Pot red-veined sorrel on gradually — a seedling jumped straight into a huge pot sits in cold, wet, airless soil and stalls. Step up one or two sizes at a time as the roots fill each container, finishing in a large final pot or the ground. The aim is roots that never circle and never check.

Not sure of the exact diameter? Our pot size calculator takes the current pot and root spread and tells you the right next size — it deliberately recommends a single step up, never a big jump.

The best time of year to repot red-veined sorrel

Pot red-veined sorrel on through the active growing season, whenever roots fill the current container — there is no single date, just "before it becomes root-bound". Avoid potting on during a cold snap.

Step-by-step: repotting red-veined sorrel

  1. Pot on before it is root-bound. Check red-veined sorrel regularly; move it up as soon as roots reach the edge of the cell or pot, not after they have circled.
  2. Step up one or two sizes. Choose the next container up — not a giant one. Cold, wet, unused soil around a small root system stalls seedlings.
  3. Knock it out gently. Support the stem, tip the pot, and ease the rootball out without breaking it. A little teasing of circled roots at the base is fine.
  4. Pot into rich mix. Set it into fresh moist, fertile, humus-rich loam at the same depth (tomatoes are the exception — they can go deeper to root along the stem).
  5. Water in and grow on. Water well, keep it in good light, and resume feeding once it is established and growing again.

Aftercare

Water red-veined sorrel in well and keep it in bright light; a freshly potted-on seedling can wilt for a day while roots settle, so do not overcompensate by drowning it. Do not fertilise for about 1 week — fresh mix already carries nutrients and feeding freshly disturbed roots scorches them.

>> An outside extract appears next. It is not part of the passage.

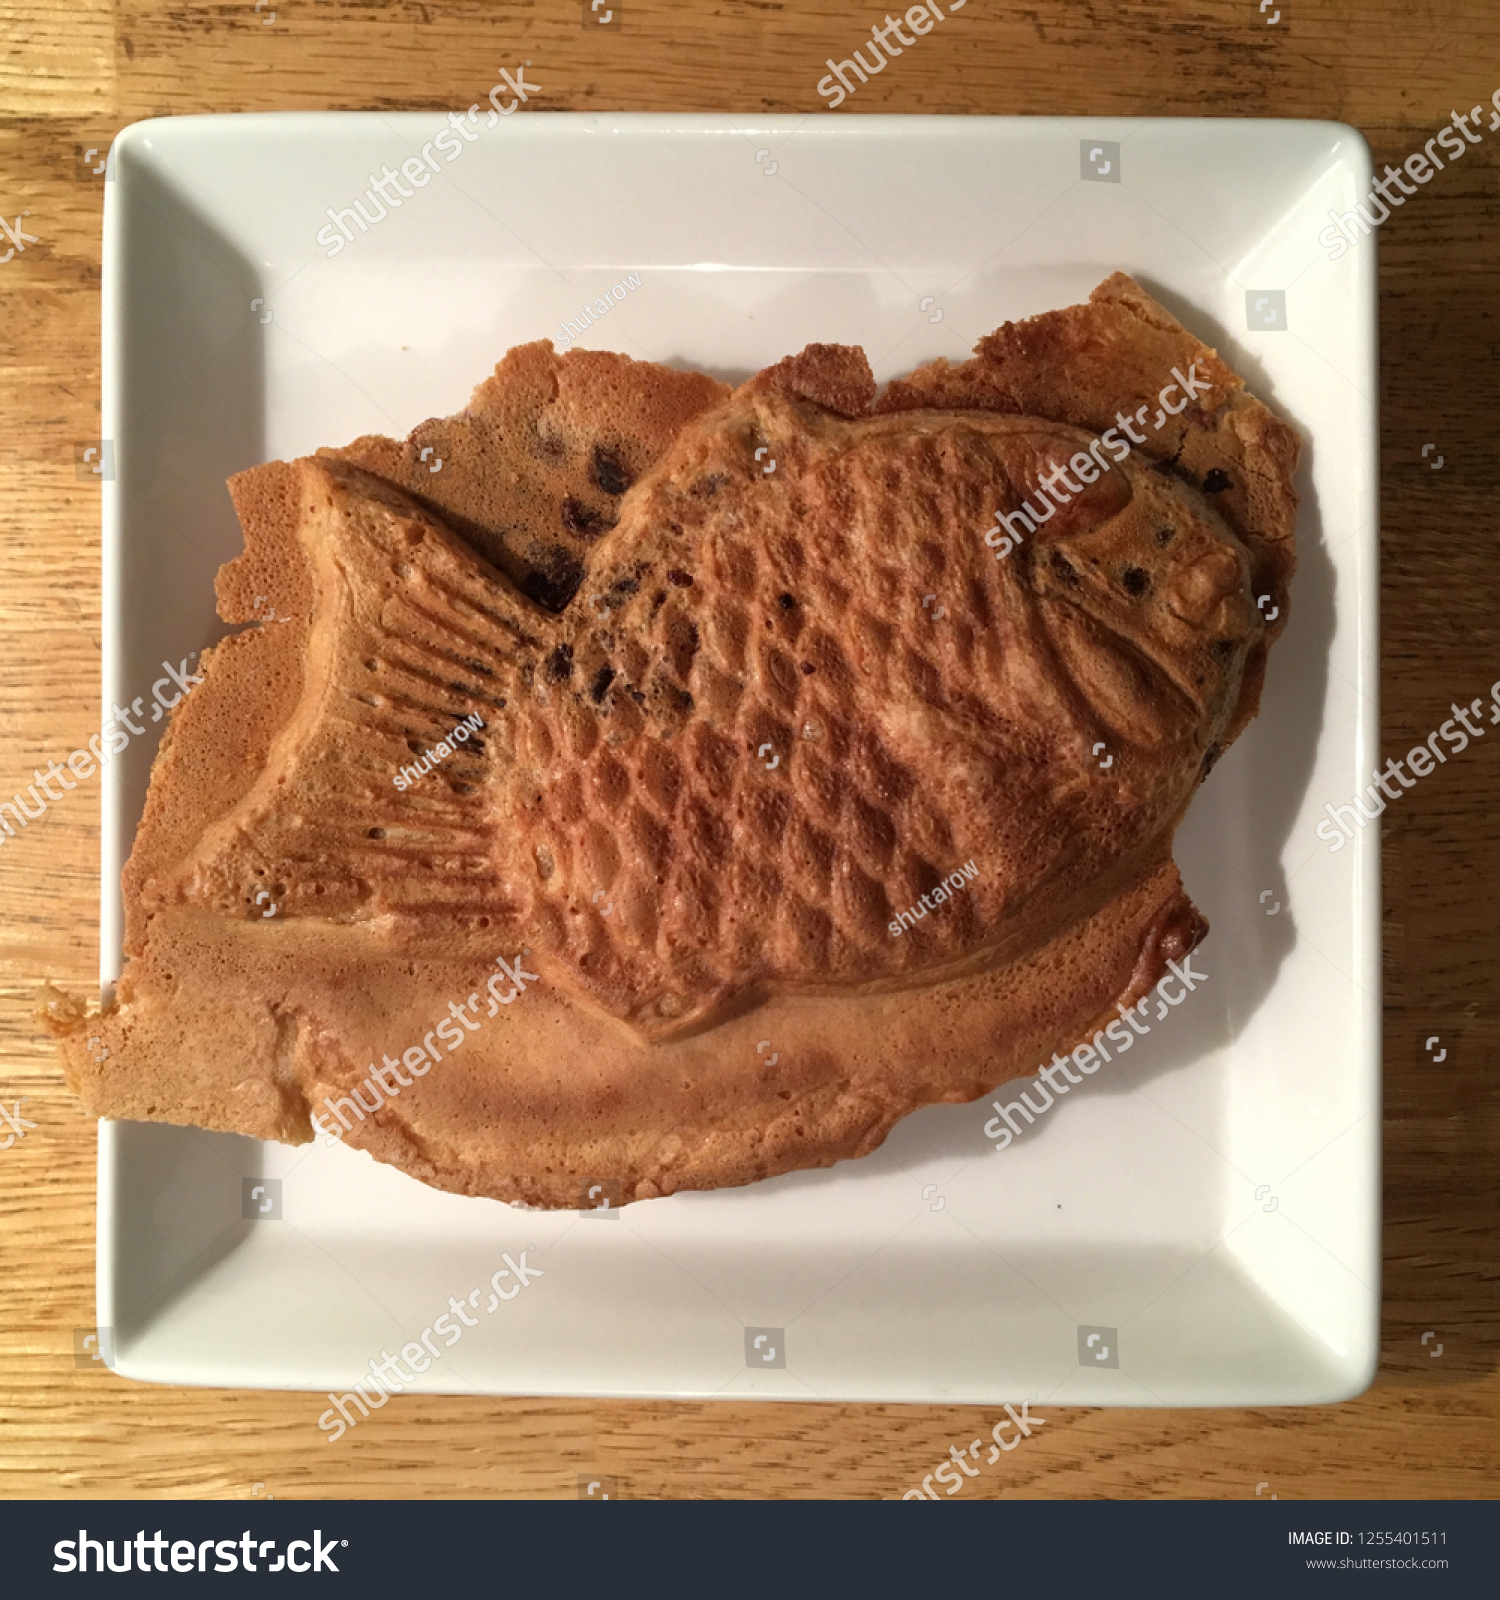 fish shaped pancake #1255401511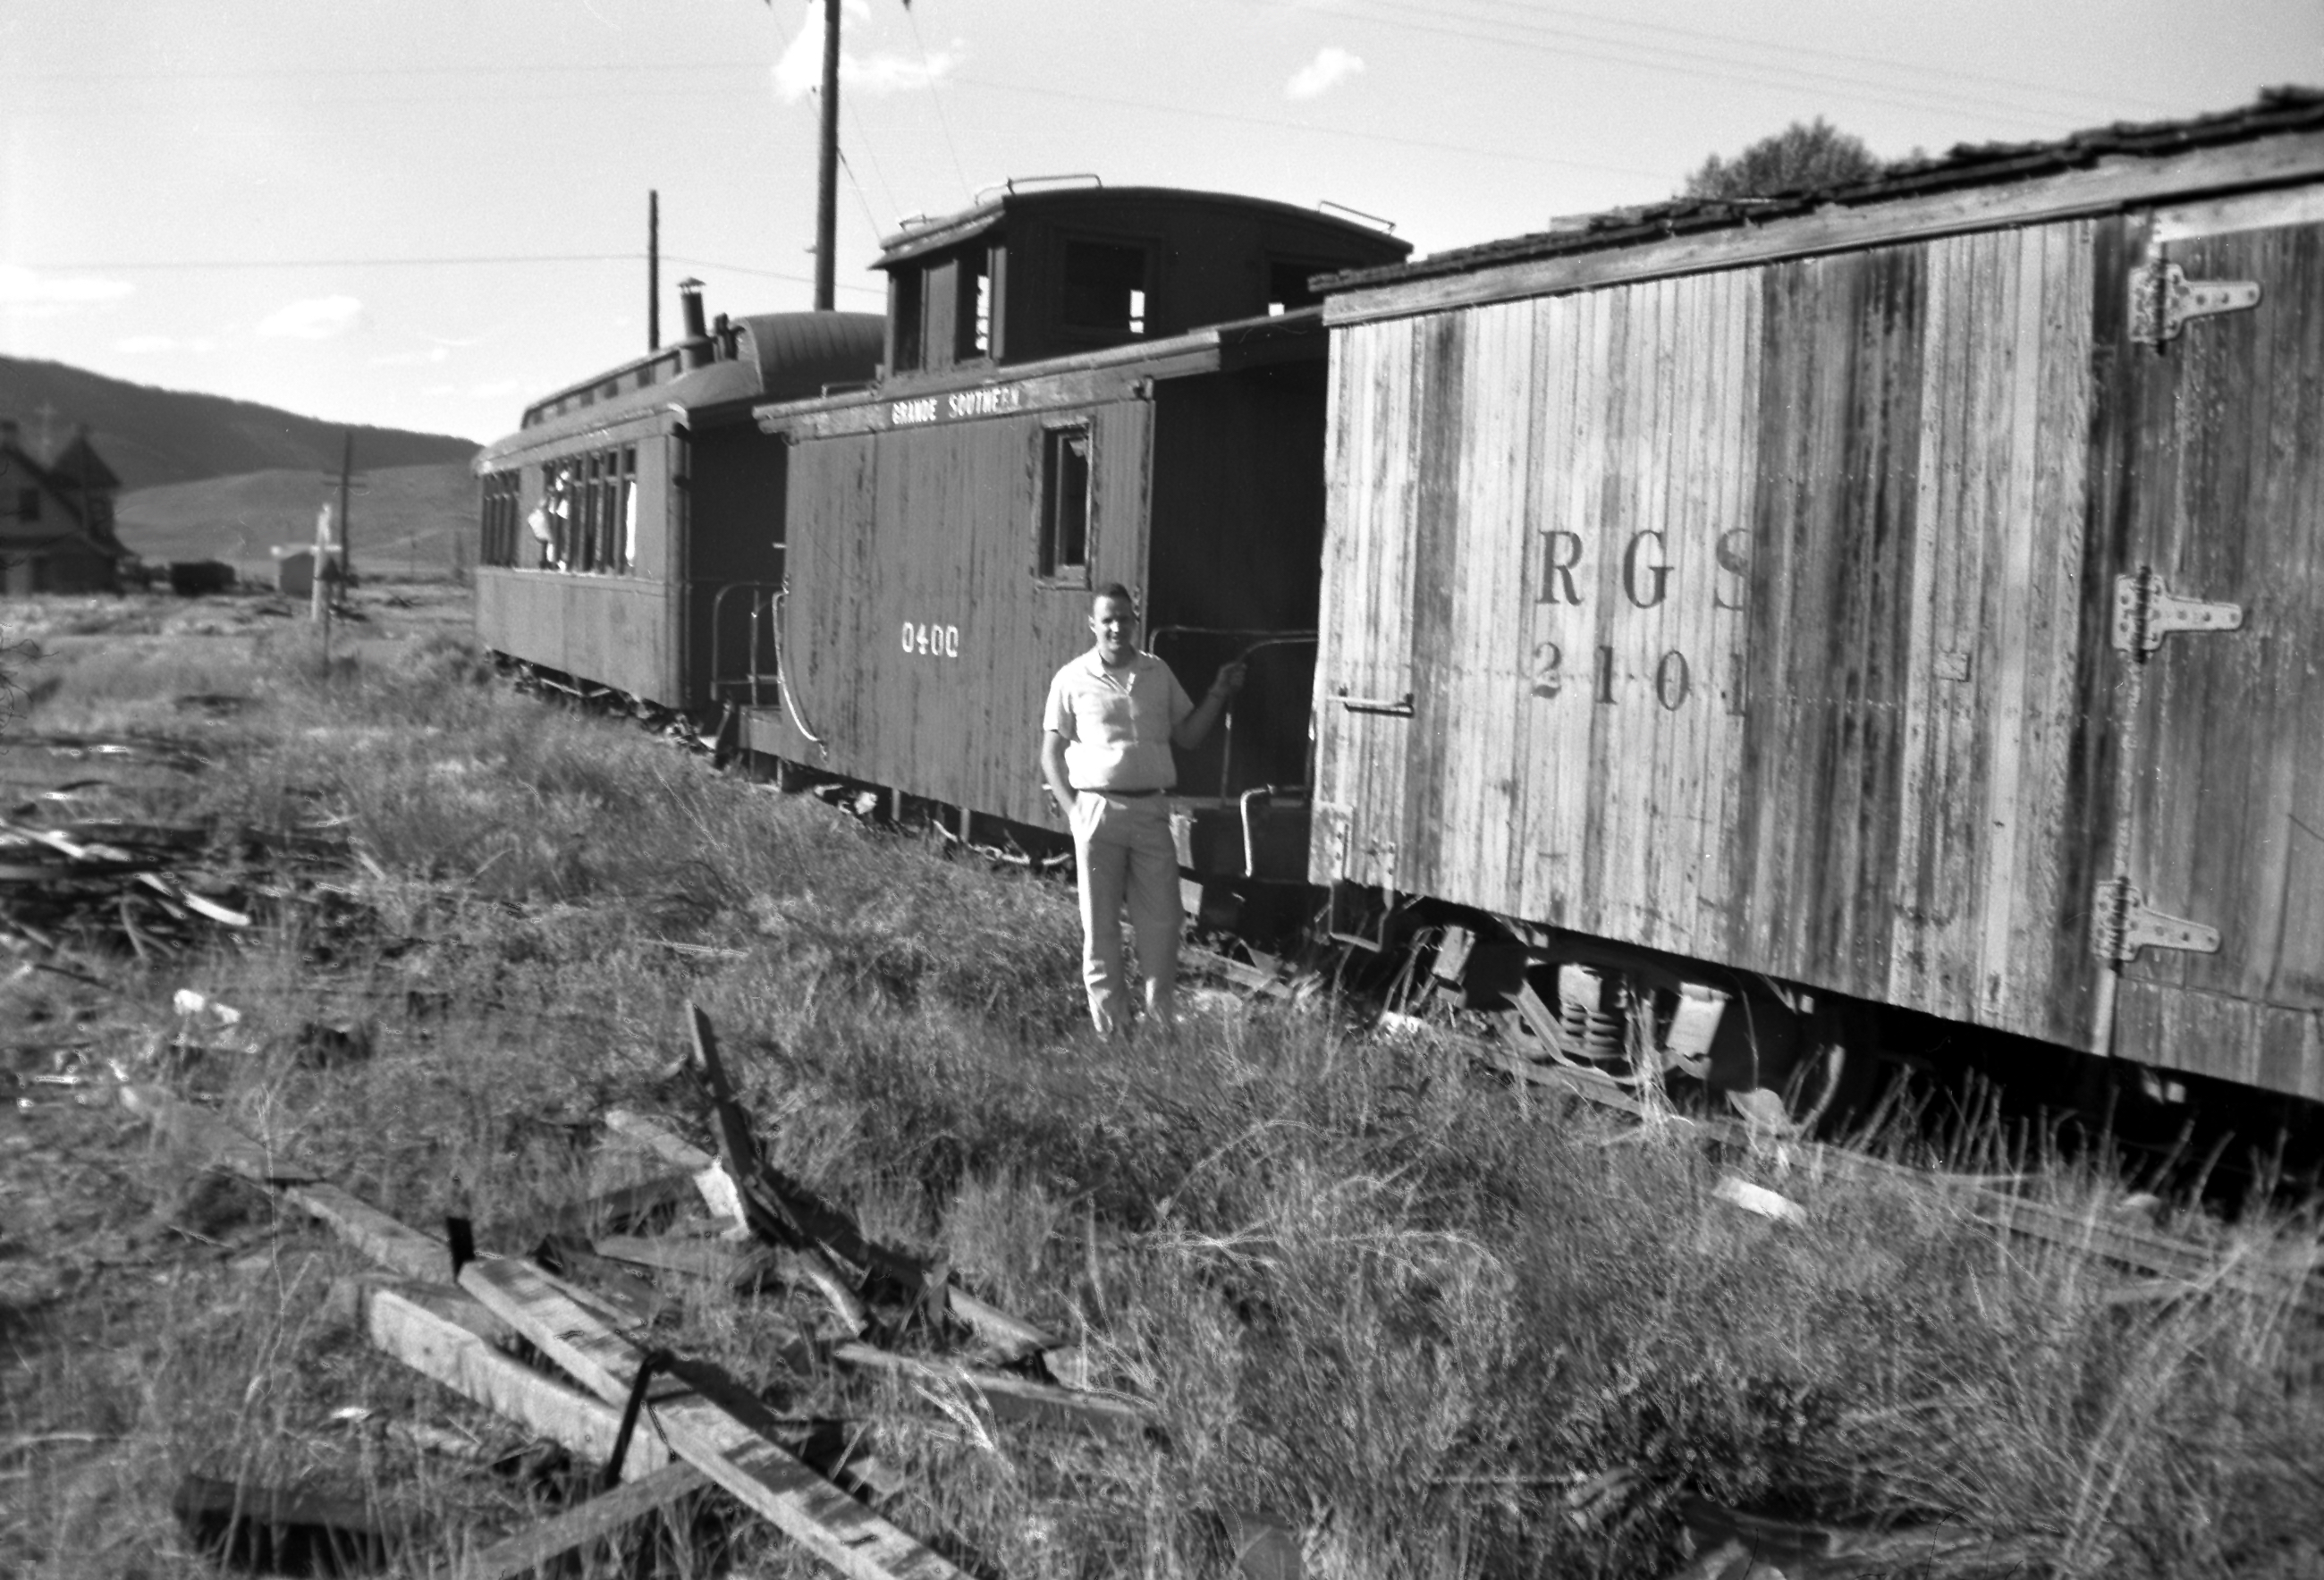 RGS #400 - wooden caboose @ Ridgeway, CO - Jun 1959 - JCH 120 neg - S2495.jpg

The right soil mix for red-veined sorrel

Red-veined Sorrel wants moist, fertile, humus-rich loam. Rich, moisture-retentive soil suits it best, and it tolerates heavier, damper ground than French sorrel. Enrich with compost to support its lush leafy growth. Always use fresh mix when you repot — reusing old, broken-down soil reintroduces the compaction and poor drainage you are repotting to fix.

Repotting red-veined sorrel — frequently asked questions

How often should you repot red-veined sorrel?

Pot on seedlings as they grow; not a perennial repot for red-veined sorrel. Red-veined Sorrel is a seasonal crop, so you pot it on as a growing plant rather than repotting a perennial. Step seedlings up gradually into moist, fertile, humus-rich loam so the roots never circle the cell, ending in a large final container. A root-bound transplant stalls and never fully recovers.

What size pot does red-veined sorrel need?

Pot red-veined sorrel on gradually — a seedling jumped straight into a huge pot sits in cold, wet, airless soil and stalls. Step up one or two sizes at a time as the roots fill each container, finishing in a large final pot or the ground. The aim is roots that never circle and never check. Use our pot size calculator to size it from the plant's current pot and root spread.

When is the best time of year to repot red-veined sorrel?

Pot red-veined sorrel on through the active growing season, whenever roots fill the current container — there is no single date, just "before it becomes root-bound". Avoid potting on during a cold snap.

Can you put red-veined sorrel straight into a much bigger pot?

No. Even a fast-growing red-veined sorrel should only go up one pot size at a time. A vastly oversized pot holds a reservoir of wet soil the roots cannot reach, which stays cold and soggy and rots the roots — the opposite of what you wanted.

Should you fertilise red-veined sorrel after repotting?

Not immediately. Wait about 1 week after repotting red-veined sorrel. Fresh mix already contains nutrients, and feeding freshly cut or disturbed roots burns them. Resume your normal feeding routine once you see new growth.